Finite Element Model Updating Using an Evolutionary Markov Chain Monte Carlo Algorithm

Abstract

One challenge in the finite element model (FEM) updating of a physical system is to estimate the values of the uncertain model variables. For large systems with multiple parameters this requires simultaneous and efficient sampling from multiple a prior unknown distributions. A further complication is that the sampling method is constrained to search within physically realistic parameter bounds. To this end, Markov Chain Monte Carlo (MCMC) techniques are popular methods for sampling from such complex distributions. MCMC family algorithms have previously been proposed for FEM updating. Another approach to FEM updating is to generate multiple random models of a system and let these models evolve over time.
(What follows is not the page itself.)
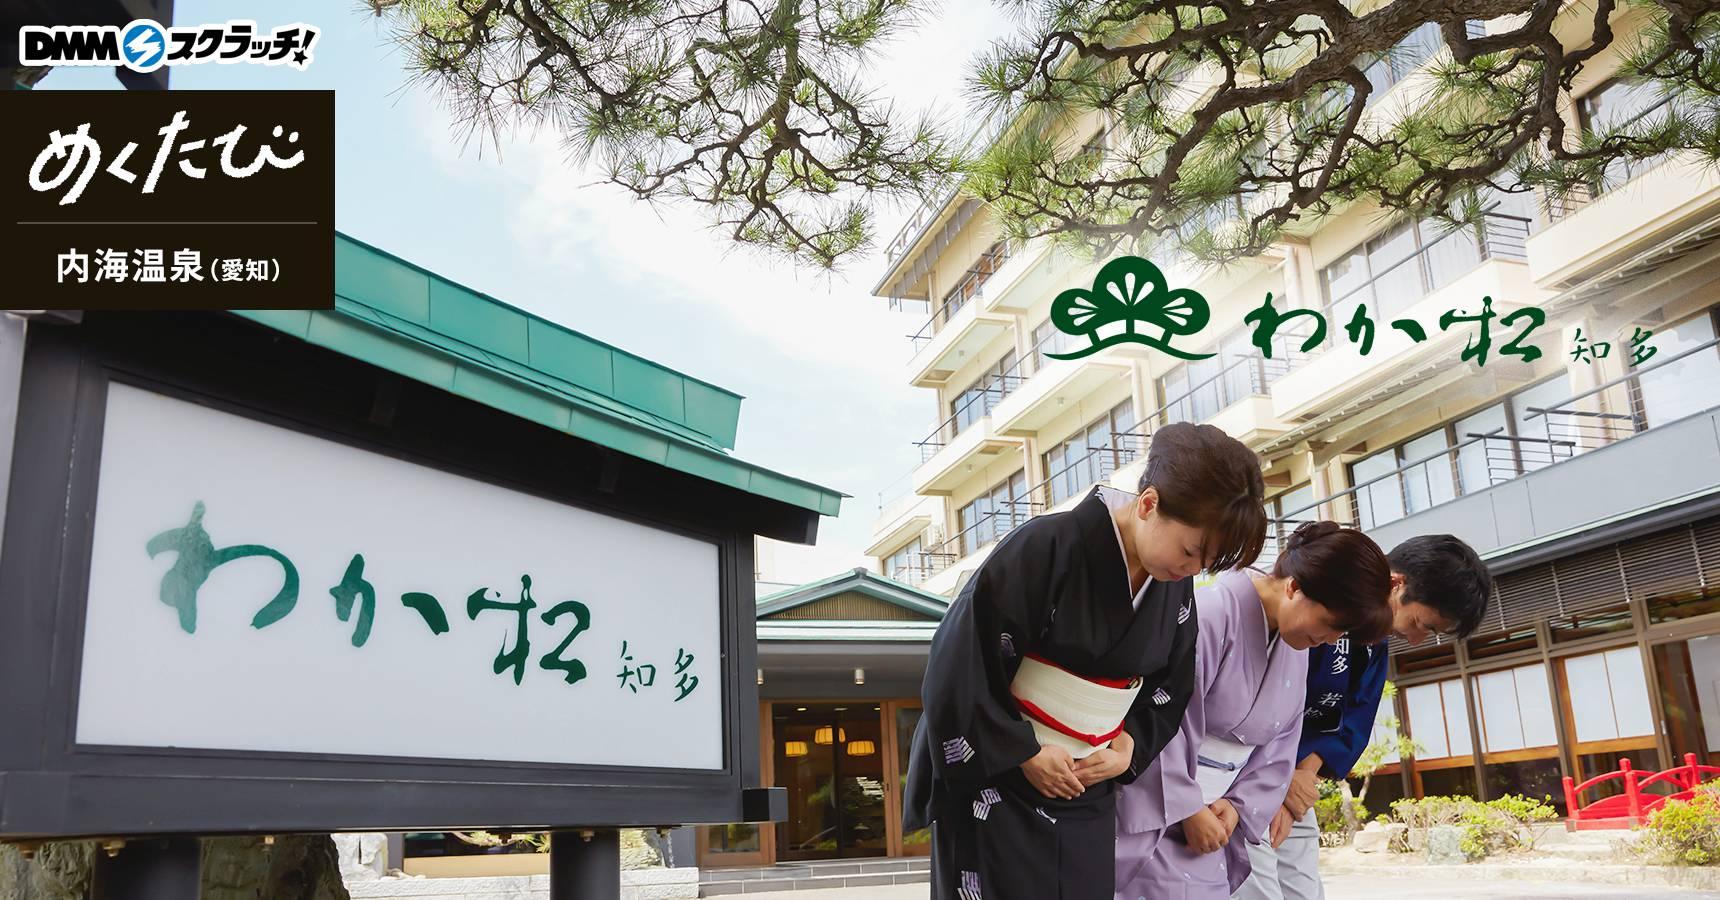 わか松知多 内海温泉 (愛知県)

Using concepts from evolution theory this evolution process can be designed to converge to a globally optimal model for the system at hand. A number of evolution-based methods for FEM updating have previously been proposed. In this paper, an Evolutionary based Markov chain Monte Carlo (EMCMC) algorithm is proposed to update finite element models. This algorithm combines the ideas of Genetic Algorithms, Simulated Annealing, and Markov Chain Monte Carlo techniques. The EMCMC is global optimisation algorithm where genetic operators such as mutation and crossover are used to design the Markov chain to obtain samples. In this paper, the feasibility, efficiency and accuracy of the EMCMC method is tested on the updating of a real structure.